We continue with our series of excerpts from our core strategy document – The Nigeria Strategy Report. In today’s piece, we review Nigeria’s trade balance over H2 16 and delineate our outlook for same over 2017.

In line with patterns observed since the collapse of oil prices in 2014, Nigeria’s external trade balance continued to be adversely impacted by depressed oil receipts as available data over H2 2016  showed that exports ($10.5 billion) continued to trail imports ($11.3 billion) leaving the deficit picture intact. On the export front, though crude oil prices have rallied over 2016—posting a 55% gain which ought to have been favourable, average Bonny Light remained 37% lower YoY at $30.7/bbl due to the depressed price levels in January. Added to this, renewed unrest in the Niger Delta drove production to multi-decade lows (9M 16: -13% YoY to 1.84 mbpd) to leave exports softer in the review period (-17% YoY to 1.39mbpd).

On the import side, Nigeria’s economic managers resorted to demand management measures ranging from outright ban of some items to proscribing of FX access for certain imports. In addition, various single digit financing arrangements were deployed to bolster local production of some imported items. Although, the cutback in non-oil imports in 2016 suggests  that the policy is working as intended,  scanning across the various sectors reveals that weakness across non-oil largely stemmed from industrial supplies, capital goods as well as transport, equipment and parts. The trio accounted for over 60% of import contraction using an attribution analysis.

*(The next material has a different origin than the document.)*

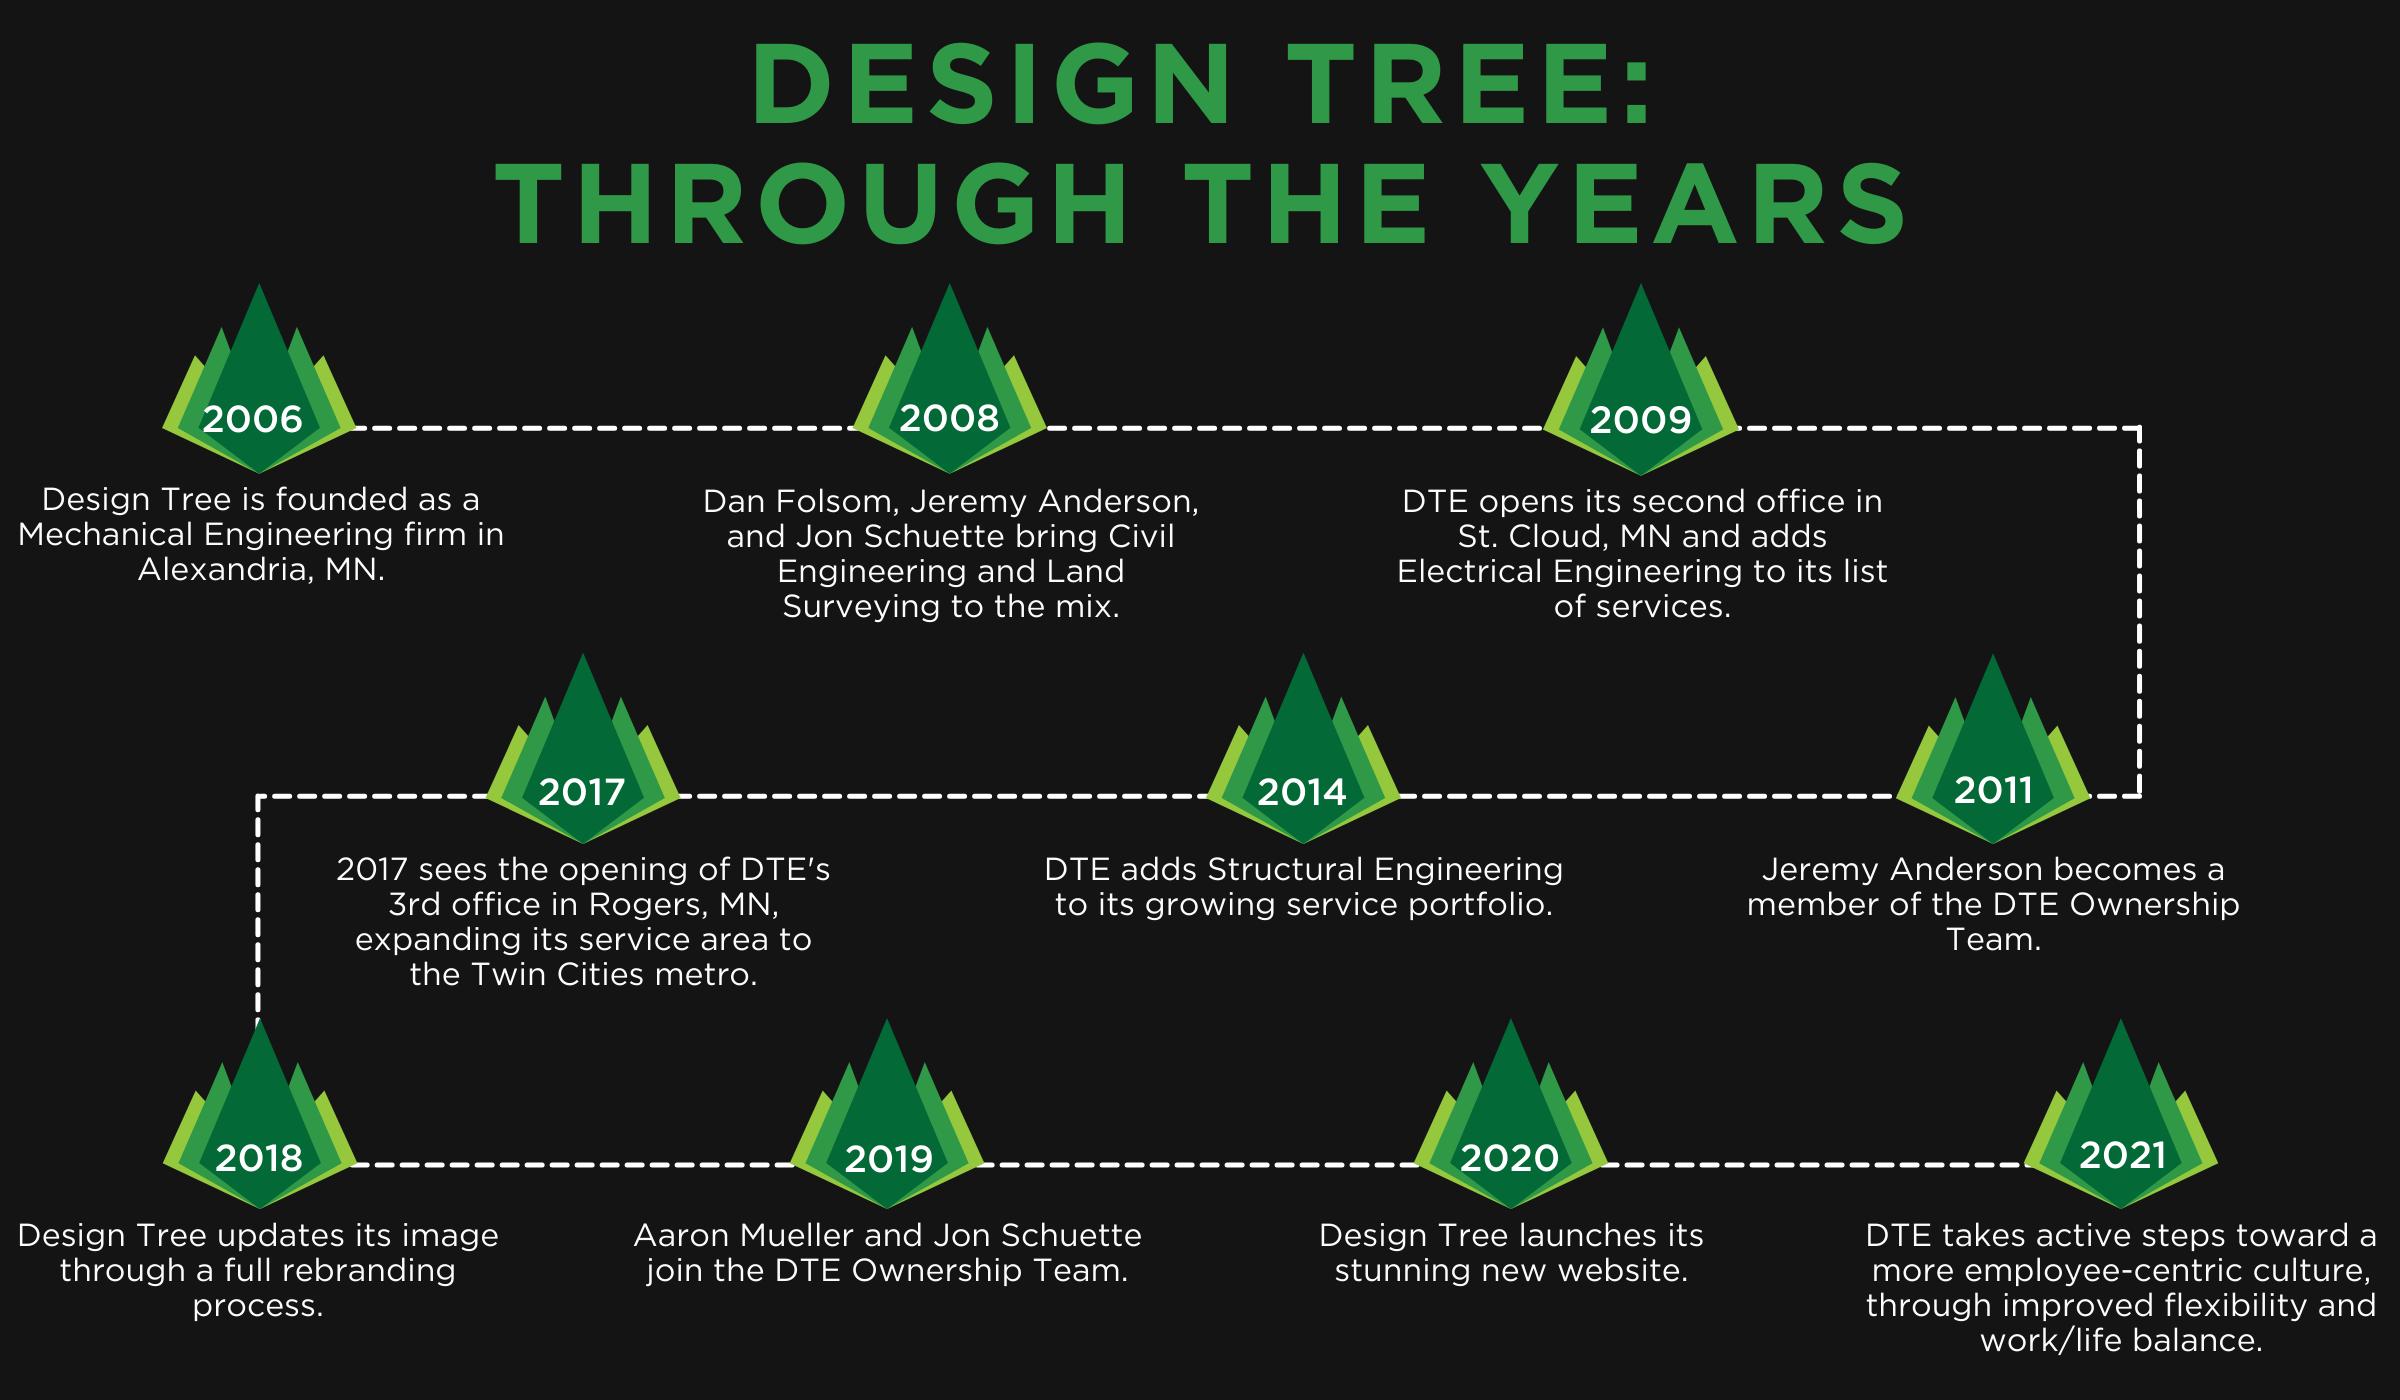 Design Tree History Timeline

Given that these goods are not currently in the crosshairs of the earlier cited protectionist measures and are vital for manufacturing, which slipped into recession in 2016, we view dollar shortages as the underlying driver of cutbacks in the importation of these items.

Going into 2017, FG’s adoption of a conciliatory stance on the Niger Delta unrest, amidst increased amnesty allocation in the 2017 budget, suggest an end to the turmoil which hurt crude production in 2016. On the import side, continued focus on demand curtailment measures for agricultural raw material imports and increased import substitution should work to temper import demand growth.  For oil imports, implicit in the crude price recovery is potential for higher refined oil imports relative to 2016 at least. On balance, we see flat to modest uptick in imports, which we forecast at $45 billion in 2017. Consequently, we expect trade deficit to halve to $5.2 billion in 2017, largely reflecting price-driven improvements on the oil side of exports.

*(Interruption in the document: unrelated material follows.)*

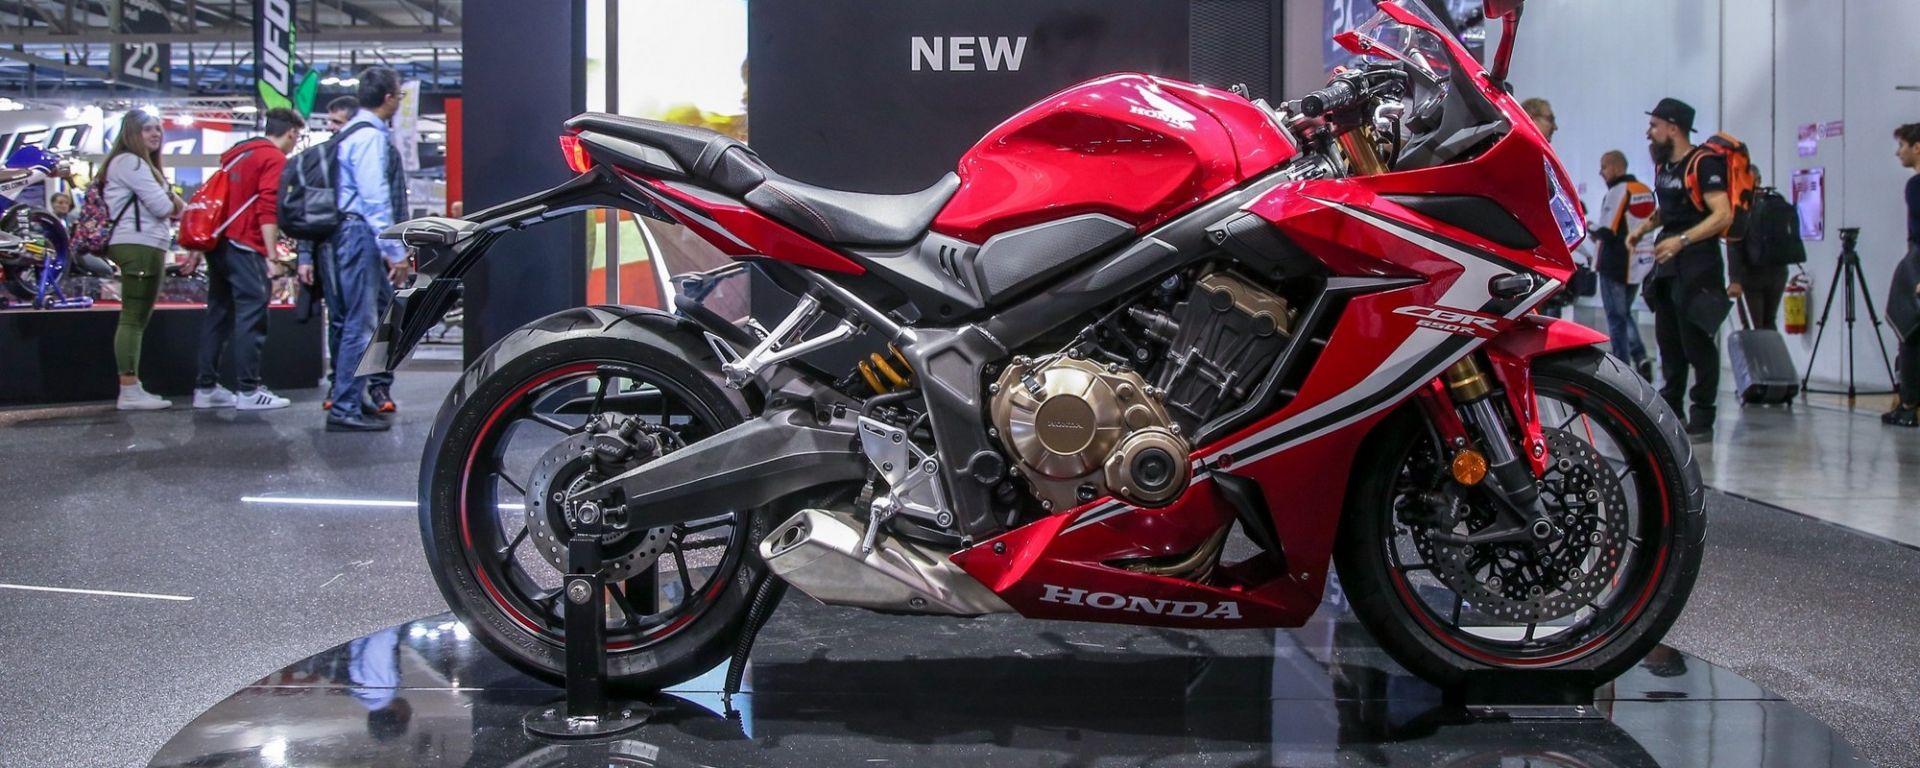 Honda CBR650R, Eicma 2018

Import contraction drives softer trade deficit
In line with patterns observed since the collapse of oil prices in 2014, Nigeria’s external trade balance continued to be adversely impacted by depressed oil receipts as available data over H2 20161 showed that exports ($10.5 billion) continued to trail imports ($11.3 billion) leaving the deficit picture intact. That said, the underlying picture shows signs of a thaw in run of external sector imbalance as trade deficit shrank 76% YoY to $855 million. Sequentially, persisting shutdowns along crude export platforms, which resulted in lesser oil production (YoY: -25%, QoQ: -12% to 1.6mbpd) and weaker prices (avg: -26% YoY) resulted in lower crude oil exports in Q3 16 (-26% YoY to $7.8 billion). On the import side, as in recent quarters, a combination of shrinking dollar liquidity and growing import substitution resulted in 42% YoY contraction to $8.5 billion.

Breakdowns reveal cutback in oil imports, which declined 10% YoY (-14% QoQ) to 48.6million liters in Q3 16 while non-oil imports slid 24% YoY (-38% QoQ). Though only October data is available for Q4 16, the pattern remained the same as the trade balance printed red with a deficit of $235 million (vs a surplus of $408 million in 2015).

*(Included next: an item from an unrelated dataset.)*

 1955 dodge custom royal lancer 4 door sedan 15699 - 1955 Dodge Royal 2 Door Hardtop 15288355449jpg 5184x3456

Figure 1: External trade data

Dollar shortages underpin import suppression
In response to the plunge in crude oil receipts, Nigeria’s economic managers resorted to demand management measures ranging from outright ban of some items to proscribing of FX access for certain importations. In addition, various single digit financing arrangements were deployed to bolster local production of some imported items. Indeed, following the cutback in non-oil imports in 2016, on the heels of similar contraction in 2015, it would appear that the policy is working as intended. However, scanning across the various sectors reveals that weakness across non-oil largely stemmed from industrial supplies (-34% YoY), capital goods (-17% YoY) as well as transport, equipment and parts (-8% YoY) with the trio accounting for over 60% of import contraction using an attribution analysis. Given that these goods are not currently in the crosshairs of the earlier cited protectionist measures and that these goods are vital for manufacturing, which slipped into recession in 2016, we view dollar shortages as the underlying driver of cutbacks in the importation of these items.

However, declines in other components of non-oil imports: food and beverages (-44% YoY) and consumer durables (-42% YoY), largely reflect increasing import substitution as NGN depreciation increases price competiveness of locally produced raw material inputs. Complementing the increased switch to local products is the provision of low cost financing by the CBN to Agriculture. By our estimates, the cutback across these two sectors, accounted for 12.2% of non-oil import moderation. On oil import, NBS data indicate a 10% YoY drop in fuel imports to 4.37million litres in Q3 2016.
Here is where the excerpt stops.